Noah lives in a place where everyone knows everyone. His school is so small, they hold a community meeting every week in the school’s old music room, and everyone must attend. Seventh grade is hard enough in an average-sized school, but it’s even harder when you don’t even have the opportunity to hide in a crowd.
Seventh grade is when everything seems to change and it all changes at different rates. Girls are confusing. Homework is boring. And even Noah’s friends are giving in to their hormones.
About the only place Noah feels comfortable is in art class. There, he can mold a piece of clay and disappear into another world.
Home life isn’t much better.

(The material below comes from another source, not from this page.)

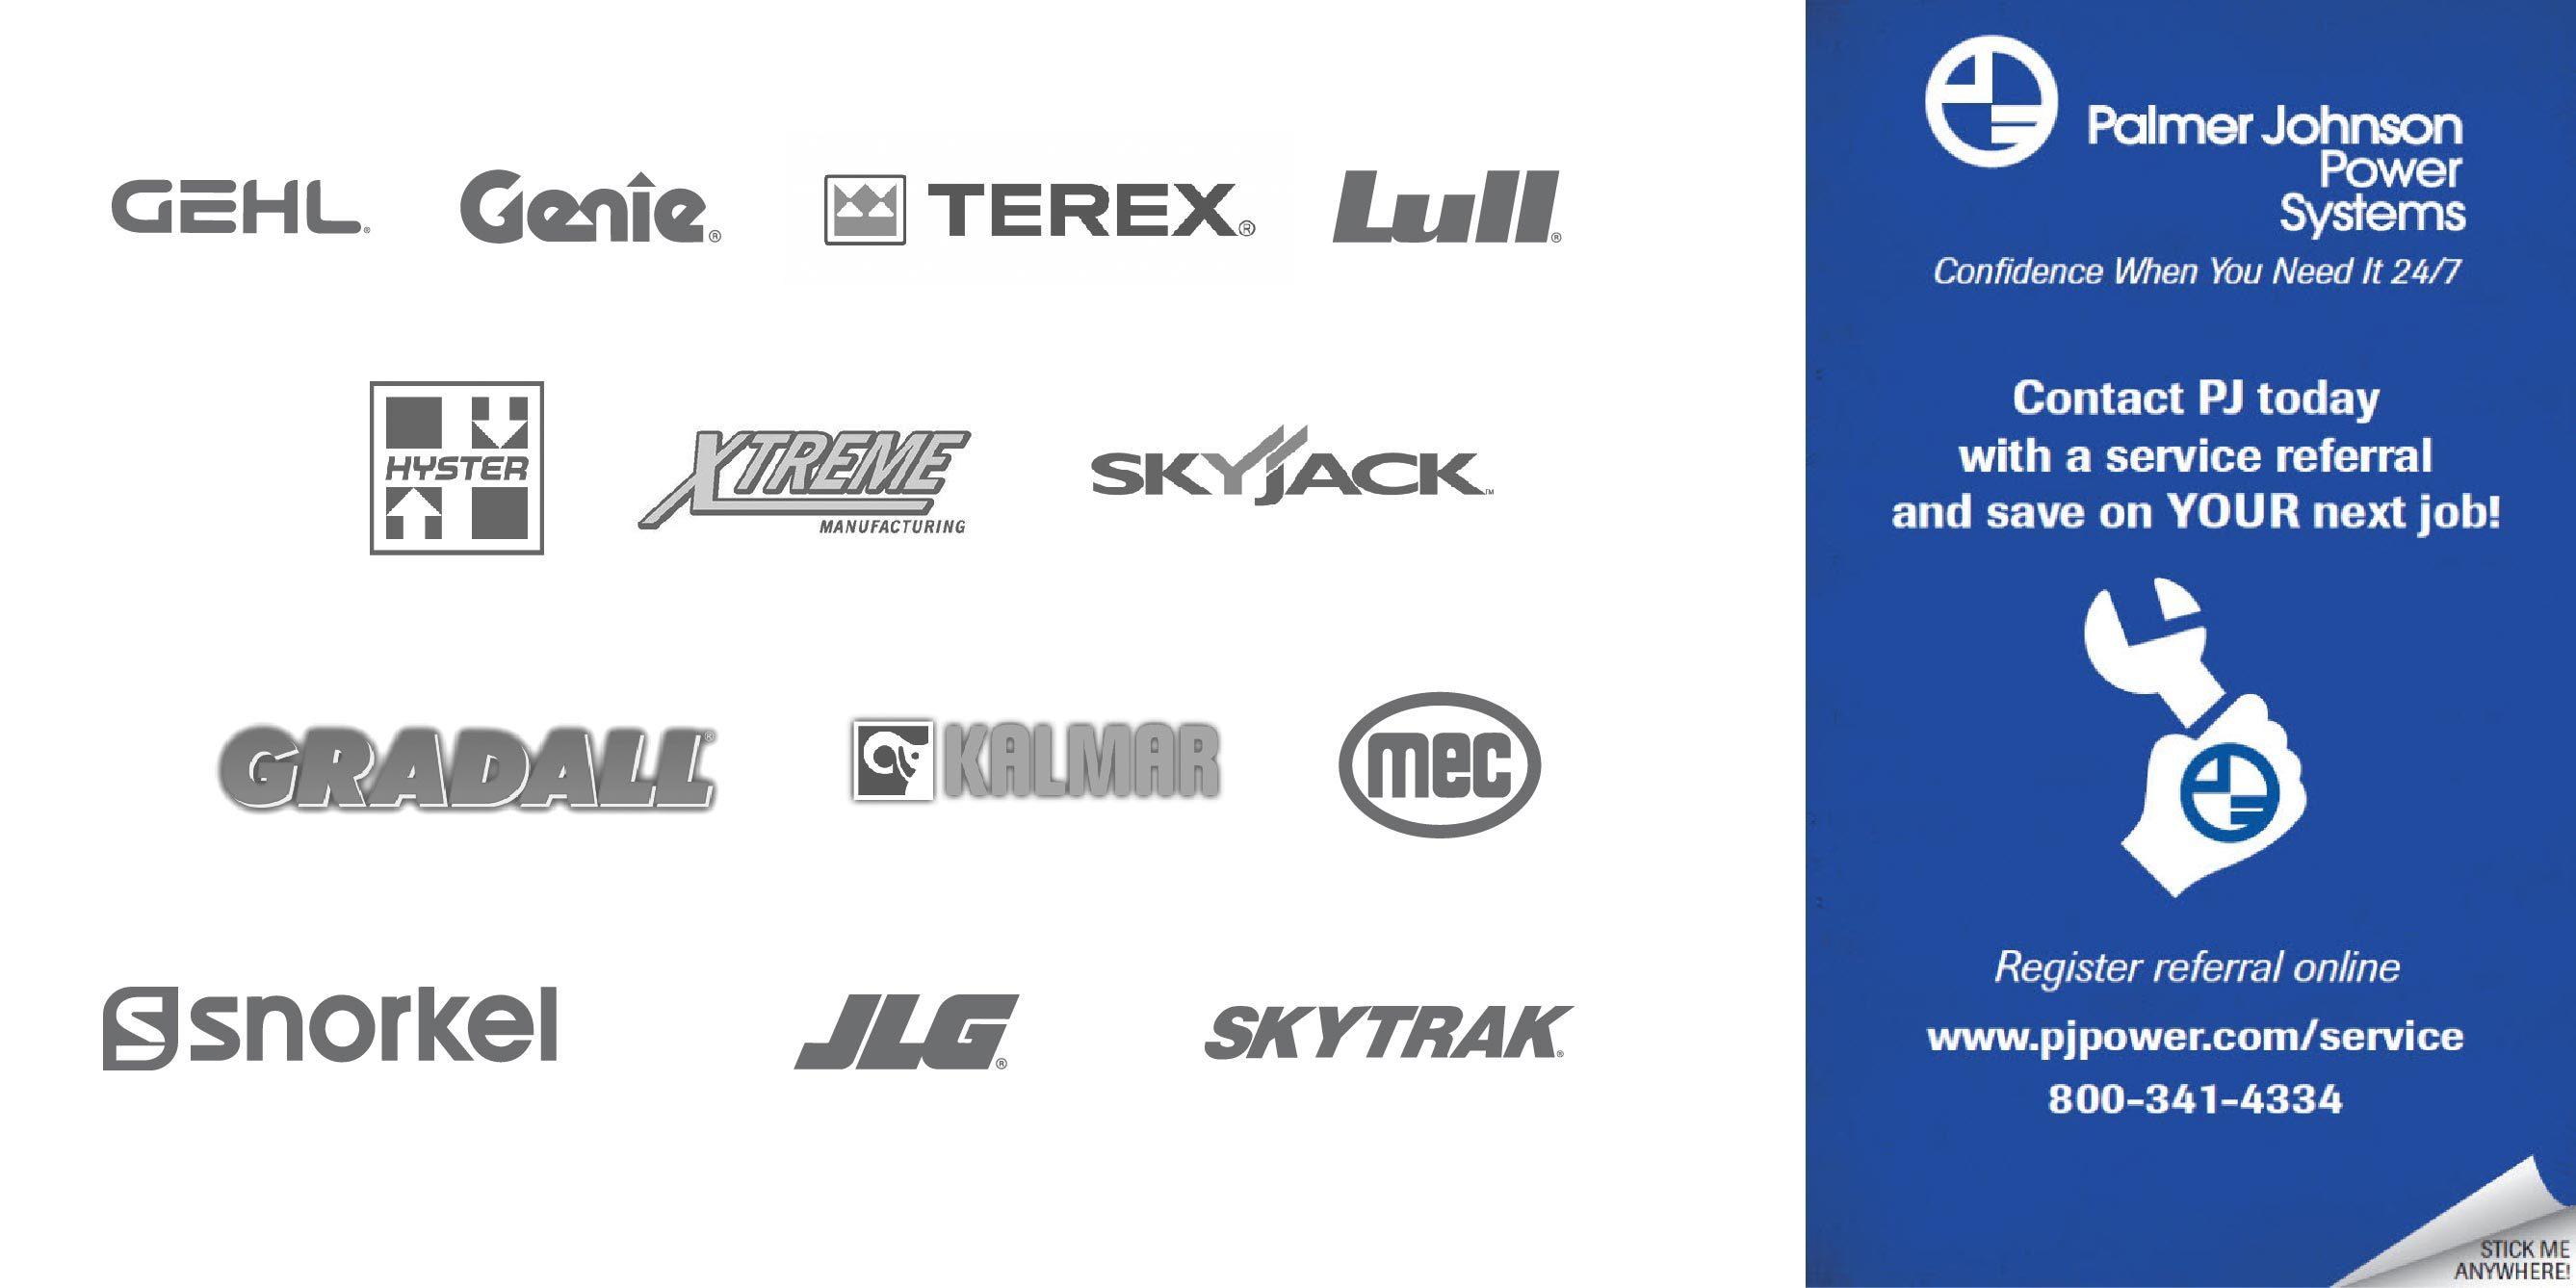 JLG,  Lull,  Skytrak,  SkyJack,  Gradall,  Terex/ Genie,  Xtreme,  Snorkel,  MEC,  Harlo,  Kalmar,  Hyster

Noah’s older sister, Emma, is acting weird again. He thought she’d been doing better ever since the Thing They Don’t Talk About. Now he’s not so sure. Her crazy food rules are becoming stricter and her clothes baggier. Things are not better, and seventh grade will not be normal.
At first, I had a hard time getting into “Still a Work in Progress.” A put it aside a few times before dedicating an uninterrupted half hour to really give it a chance. I’m glad I did. I think my initial struggle cam in part because of the seventh-grade-boy antics that happen early on. They’re not something I can really relate to. But as I settled in, those antics took a backseat to Noah and his story.
As I’ve mentioned before, I grew up with a sick brother. Often, people would forget that his illness was not just his; it was our family’s. Author Jo Knowles knows that. Throughout “Still a Work in Progress” you see how Emma’s eating disorder affects everyone she comes in contact with, especially her family. Noah harbors guilt for something he has no control over, and he finds himself walking on eggshells not only with his sister but his parents as well.
“Still a Work in Progress” is a realistic look at navigating middle school. Knowles is never heavy-handed or overly sappy. And I appreciated the elements of humor sprinkled throughout. These bright spots lightened what could have been an overly heavy novel. Instead, what you get is a book that celebrates life and all of its complexities.